From: newsham AT lava DOT net (Tim Newsham)
Subject: Re: Signals in b19 - please help
8 Mar 1998 16:05:51 -0800 :
Message-ID: <m0yBlqZ-001121C.cygnus.gnu-win32@malasada.lava.net>
References: <C1A9DAABC292D111A4D90000F879A2BA0E86 AT NTMAIL>
Mime-Version: 1.0
To: Ian AT kiwiplan DOT co DOT nz (Ian Collins)
Cc: gnu-win32 AT cygnus DOT com

>     if (signal(SIGALRM, handler) == SIG_ERR) return -1;
>     alarm(5);
>     printf("Set alarm.
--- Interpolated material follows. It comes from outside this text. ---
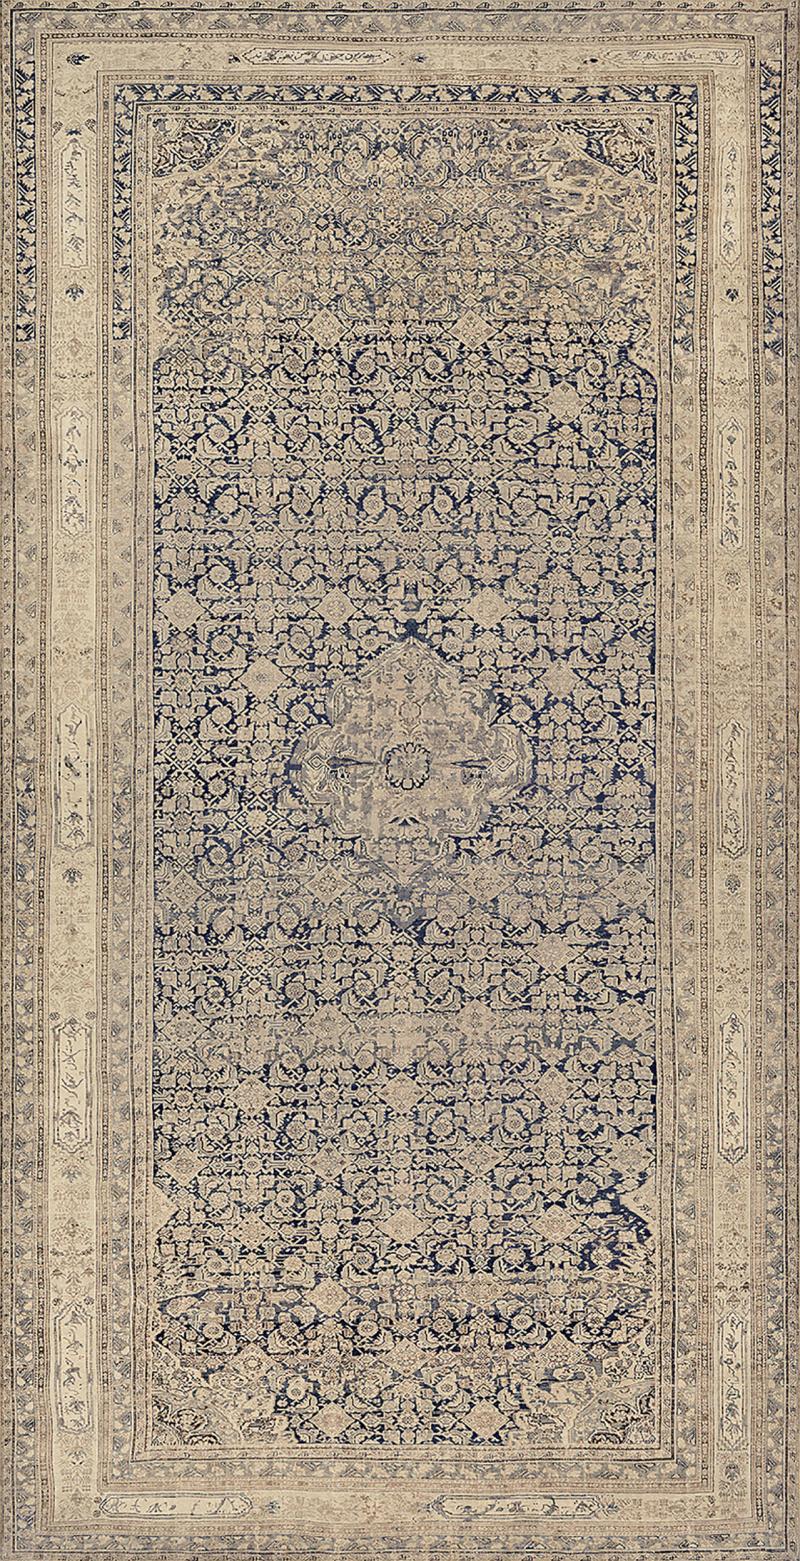 Antique Handwoven Persian Malayer Wool Rug

Getting input\n");
>     ch = getchar();
[...]

> When this program is run on most Unix machines (OK, AIX needs kicking to
> get it to work), the getchar will return after the timeout occurs.
> What we see however is that after the timeout handler is called, the
> getchar does not return, it still waits for a character to be input.

Signals usually behave in one of two ways.  Either they interrupt
a call and cause it to abort unfinished, or they interrupt a call
and cause it to be restarted.  On most systems you can tell it which
of these two behaviors you want.  Unfortantely under cygwin you can't
(as far as I know).  The only behavior you get to use is the default
one: signal does not interrupt.  (There are some exceptions - like
sleep()).

Ok, so how do you do the same thing if your signals don't behave
how you want?  One way is to use setjmp:

    handler() { siglongjmp(jbuf, 1); }

    signal(...)
    if(!sigsetjmp(jbuf, 1)) {
        alarm(...)
        getchar()
    }
   
This will "warp" you out of the handler and back to the sigsetjmp
if the alarm goes off.  Since signals can happen at almost any
time in cygwin, I don't know how safe this is.  The program could
be running through cygwin "kernel" and grabbing temporary resources
and getting ready to give them back when a sigsetjmp causes a
"warp".  I'm not sure if the kernel was designed with this in
mind.

A second approach you can take is to write your own getchar routine
with timeouts.  You can do this using select() and setting them
timeout in select.  If select returns on a timeout, dont bother
getting a character.  If it selects for reading, then get a
character.  Pretty simple.

> Ian Collins. 

                                    Tim N.